AmerisourceBergen’s acquisition of Alliance Healthcare will
provide even stronger support for pharmacies and pharmacists across
the globe and integrated solutions for pharmaceutical
manufacturers. Walgreens Boots Alliance will be able to increase
its focus on expanding its core retail pharmacy businesses,
bringing even greater healthcare offerings to patients and
customers and further accelerating its progress on its clear set of
strategic priorities.
In addition to this transaction, the two companies have agreed
to strengthen their strategic partnership by extending and
expanding their commercial agreements.

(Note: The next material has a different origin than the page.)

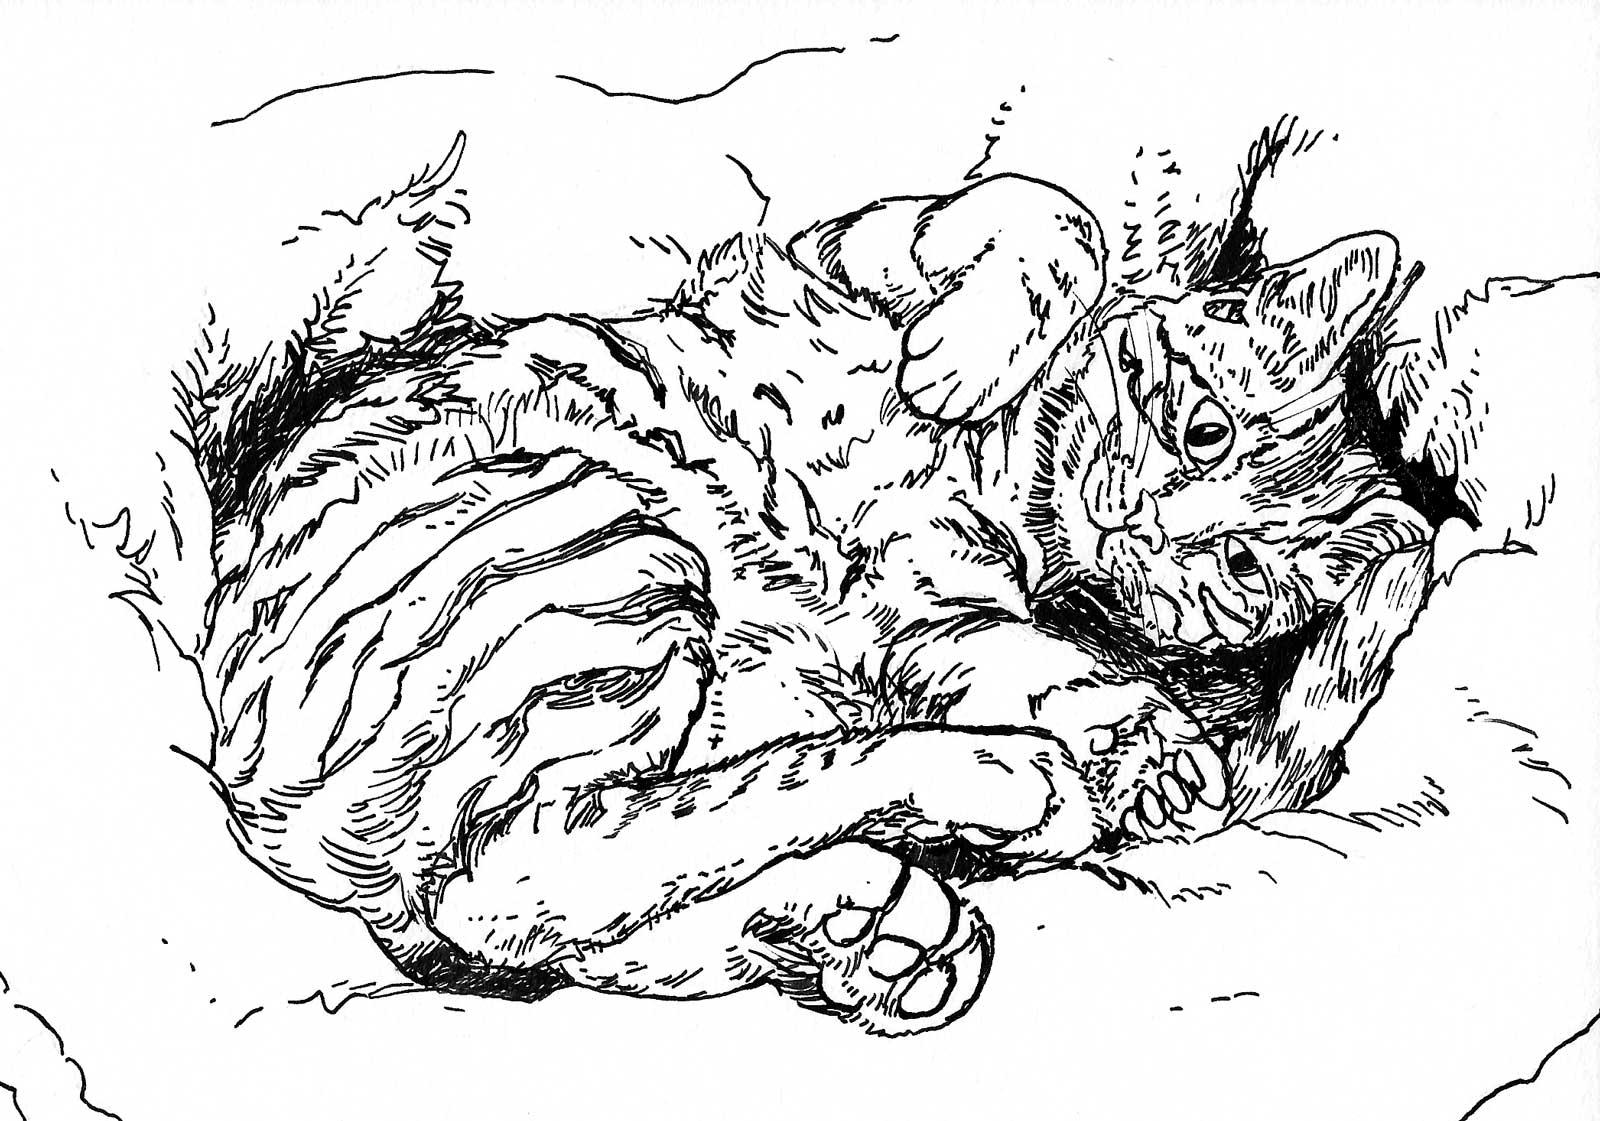 1_CW-Cat-Art

Their U.S. distribution
agreement will be extended by three years until 2029 and their
partnership is being expanded to include a commitment to pursue
additional opportunities in sourcing and distribution. Furthermore,
Alliance Healthcare UK will remain the distribution partner of
Boots until 2031. Together, these agreements are expected to create
incremental growth, synergies and efficiencies.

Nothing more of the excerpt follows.